Gentrack Group, which develops utilities and airports software, reported a 49 per cent drop in full-year profit, missing its initial public offer forecast, but beating the downgraded guidance it gave just five weeks after listing on the share market.
Net profit dropped to $3.4 million, or 5 cents per share, in the 12 months ended September 30, from $6.9 million, or 12 cents, a year earlier, the Auckland based company said in a statement. That was ahead of the downgraded guidance for annual earnings to be between $2.5 million and $2.8 million it gave in May, though still below the $3.7 million it initially flagged in its prospectus.

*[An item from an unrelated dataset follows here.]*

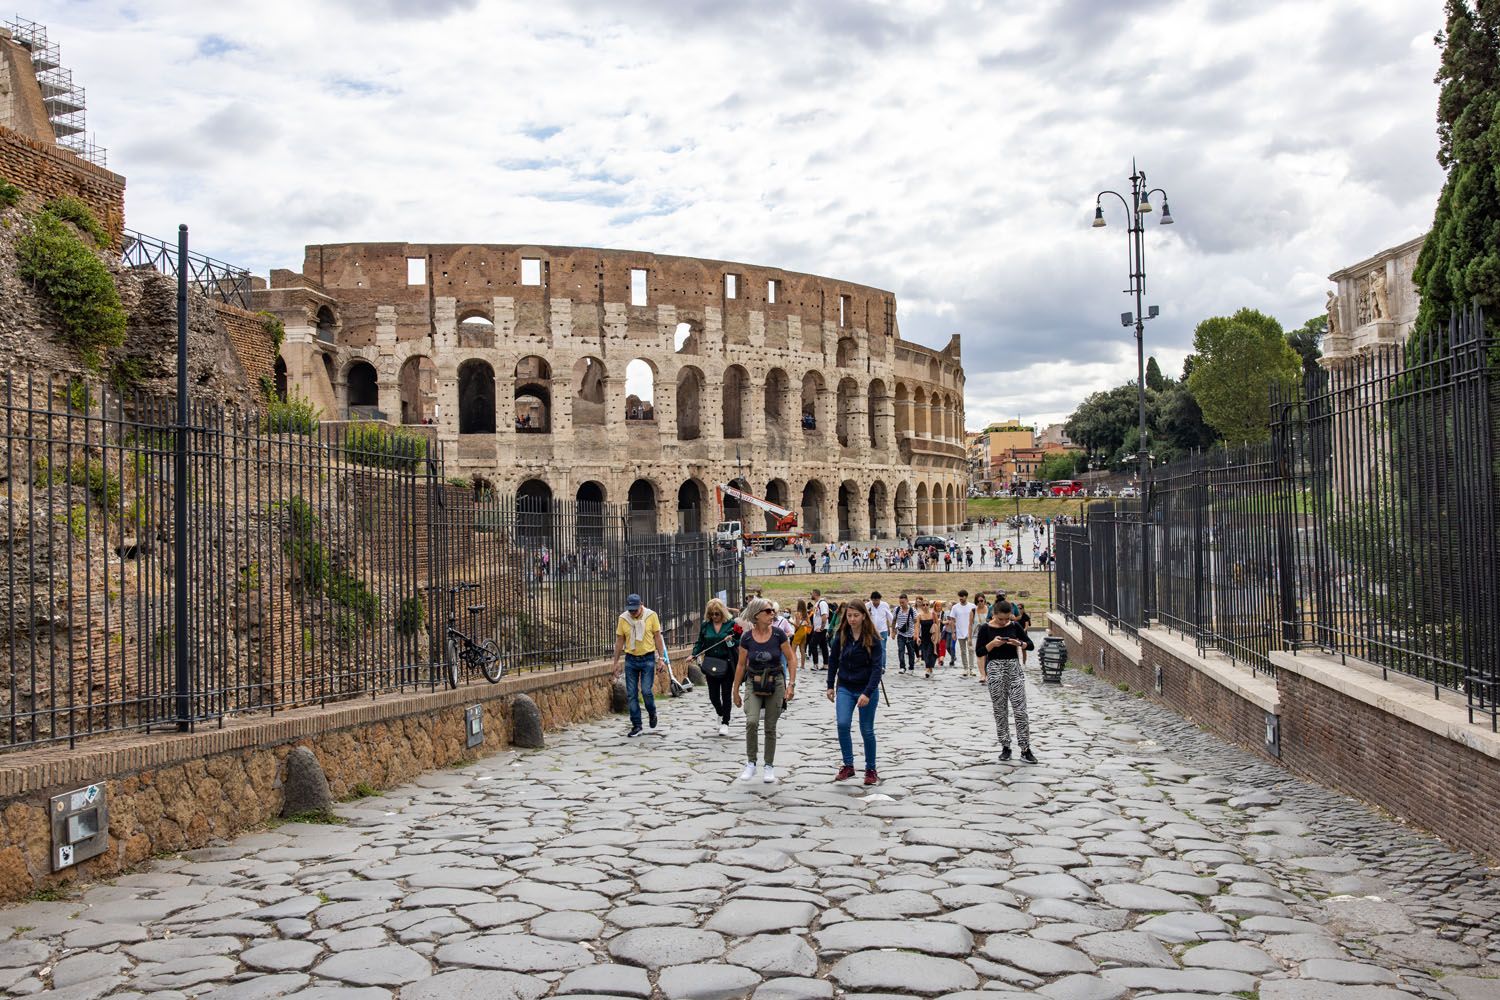 Via Sacra Rome | How to Visit the Colosseum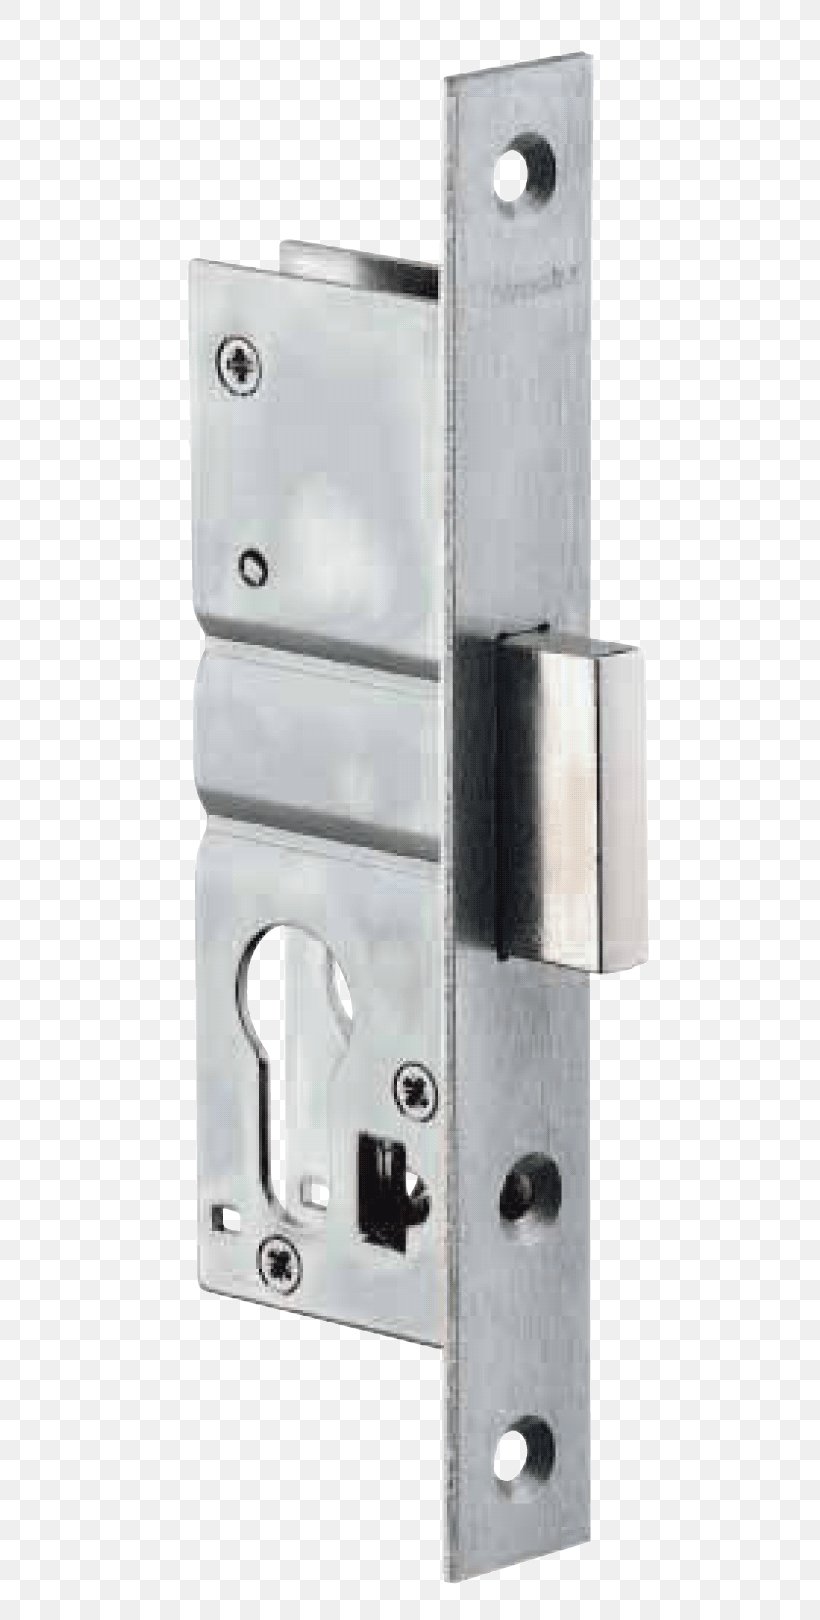 Lockset Latch Single-point Locking Dead Bolt, PNG, 649x1620px, Lock, Dead Bolt, Door, Fire, Fire Door Download Free

Operating revenue fell 4 per cent to $38.5 million, short of the prospectus forecast for sales of $40.6 million, while underlying earnings before interest, depreciation and amortisation (Ebitda) of $13 million was $1.1 million shy of the offer document's expectations.
Read more:
• Stock Takes: Our IPO winners and losers
• FMA clears Gentrack on prospectus
Gentrack chief executive James Docking said operationally 2014 was a good year for Gentrack although a couple of unforeseen project issues impacted the results. Its first water billing project in the UK had gone well and will go live early next year while its profitable UK business had grown by 40 per cent. It also successfully completed a complex enterprise implementation of its first network billing product in Australia, establishing its credentials in that market, Docking said.